Depending on their toxicity, crude drugs derived from the tuberous root of Aconitum plants are divided into two types. One is the raw type, which is the dried tuberous root, and the other is the processed type, which is appropriately processed and then dried. The former is highly toxic because of its high content of DAs. Hikino et al. [2] reported that LD50s to mice by oral administration of the raw tuberous root of A. carmichaeli are 1.61 g/kg (collected in Hokkaido, Japan) and 5.49 g/kg (collected in China), although the severity of toxicity in this type varies widely depending on the production region and the time of collection. Thus, prior to medicinal use, the tuberous root of Aconitum plants is generally processed by heating, immersing in salt (sodium chloride) solution, or coating with hydrated lime to attenuate the toxicity and control the medicinal effect. Almost all crude drugs in Japan made from the tuberous root of Aconitum plants are now classified as this processed type. The root is used for its analgesic properties, cardiotonic action, and alleviating coldness of the extremities [3–7] and is blended into many Kampo formulae, such as Hachimijiogan, Maobushisaishinto, Shinbuto, and so on.
In Japan, the second edition of the Japanese National Formulary (Kokumin Iyakuhinshu) adopted the processed type of the tuberous root of Aconitum plants in the monograph of Aconiti Sinensis Tuber in 1955 [8], and the seventh edition of the Japanese Pharmacopoeia (JP7) adopted its contents without modification in 1961 [9]. In 1966, however, the monograph was deleted in the revised version of the JP7, probably because of this crude drug’s ambiguous toxicity [10]. Then a variety of studies were performed on component characteristics and quality evaluation of both the raw and processed types of the crude drugs because of the medicinal importance of the tuberous root as a crude drug [2, 11–20]. Subsequently, in 2004, Processed Aconite Root (PAR) was newly adopted in Supplement II of the JP14, with strict control of the DAs by a purity test [21].
PAR in the JP is subdivided into three categories (PAR1–PAR3) in accordance with how it is processed: PAR1 processed by autoclaving; PAR2 processed by heating or autoclaving after rinsing in sodium chloride, rock salt, or calcium chloride solution; PAR3 processed by treating with hydrated lime (calcium hydroxide) after rinsing sodium chloride solution.
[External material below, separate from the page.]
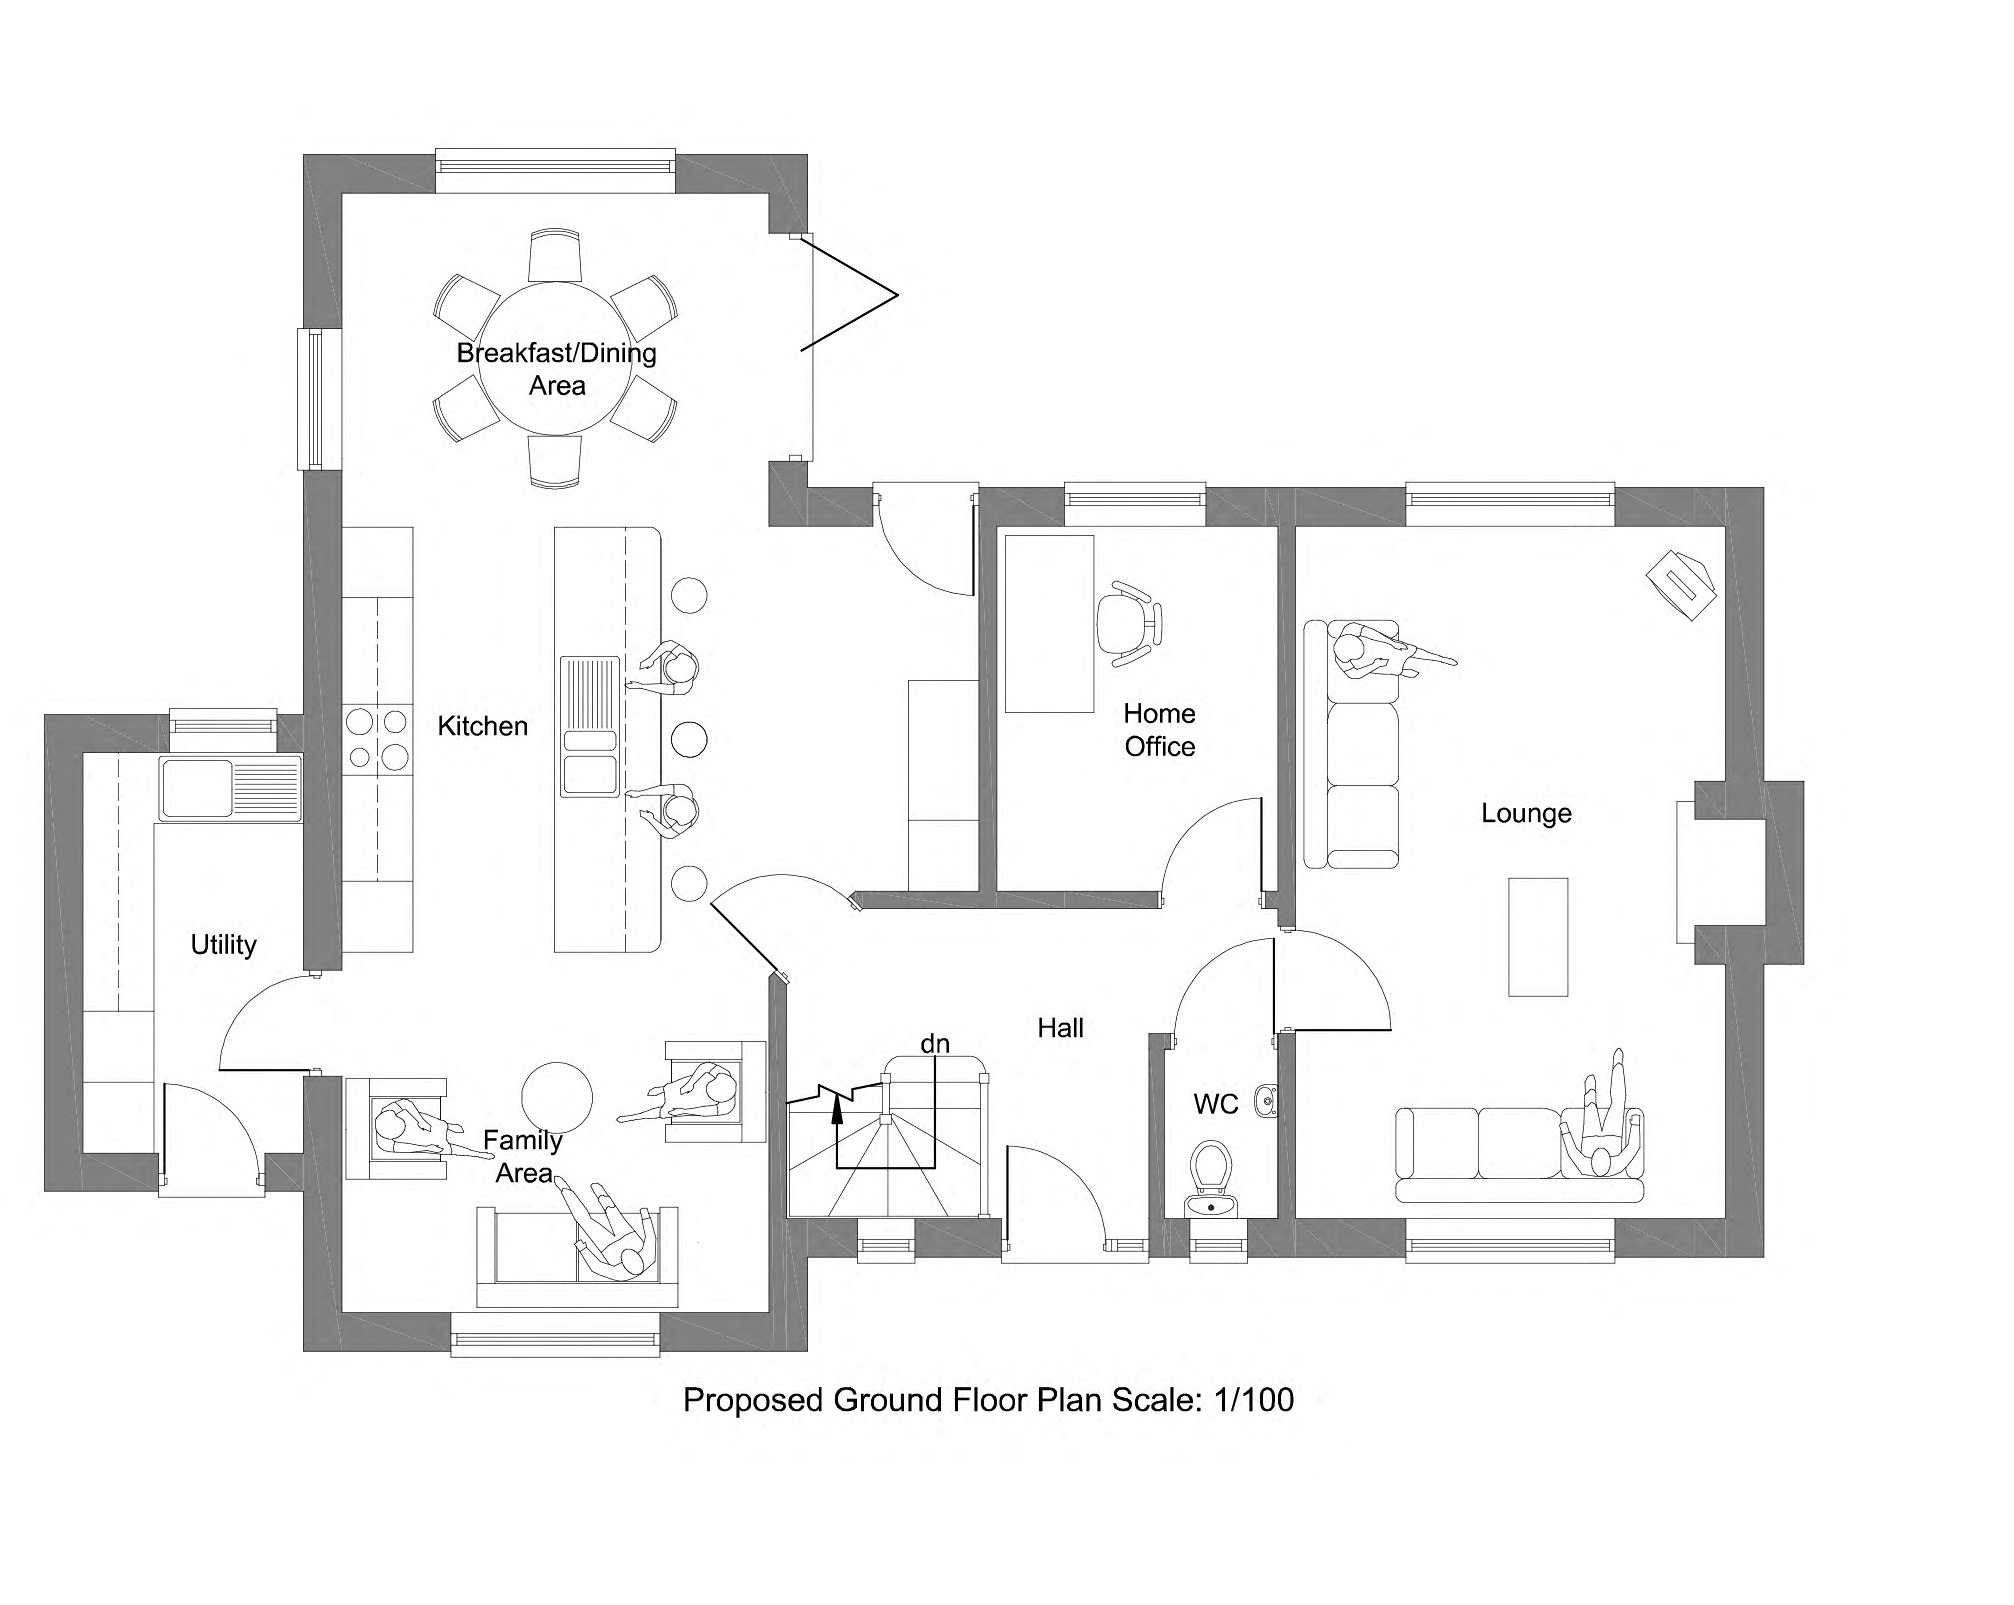 5 bed plot for sale - Property floorplan

The JP set an upper PAR limit for individual and total contents of aconitine, jesaconitine, hypaconitine, and mesaconitine, which are representative DAs, by high-performance liquid chromatography (HPLC) analysis. In addition, the amounts of total alkaloids are controlled by colorimetric titration assay.
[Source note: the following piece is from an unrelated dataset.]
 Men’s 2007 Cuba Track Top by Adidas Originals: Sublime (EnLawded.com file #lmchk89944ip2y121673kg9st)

In the course of our successive studies for quality control of crude drugs [22–37], we used a taste-sensing system to objectively evaluate the taste of crude drugs and Kampo formulae [38–40], as the taste of crude drugs has been regulated as a criterion for judgment by the JP. In the JP7, for Aconiti Sinensis Tuber, the taste was described as “slightly salty, then prolonged numbing” [9]. However, in modern books on medicinal plants and crude drugs, there are no descriptions of the taste of the tuberous root of Aconitum plants and PAR. In the JP15, the latest JP edition, the taste of PAR is also not described, because tasting poses some risk to the examiner due to the intake of DAs [41].
In the 1990s, a taste-sensing system was developed by Toko et al. [42–44] for objective taste measurement based on the concept of modeling the mechanism of human taste recognition. The system is composed of a sensor unit, which consists of various artificial lipid membrane sensor probes and a personal computer. Taste data are obtained from the change in electrical potential of the artificial lipid membranes when the taste substances interact electrically with, or are absorbed to, the membrane.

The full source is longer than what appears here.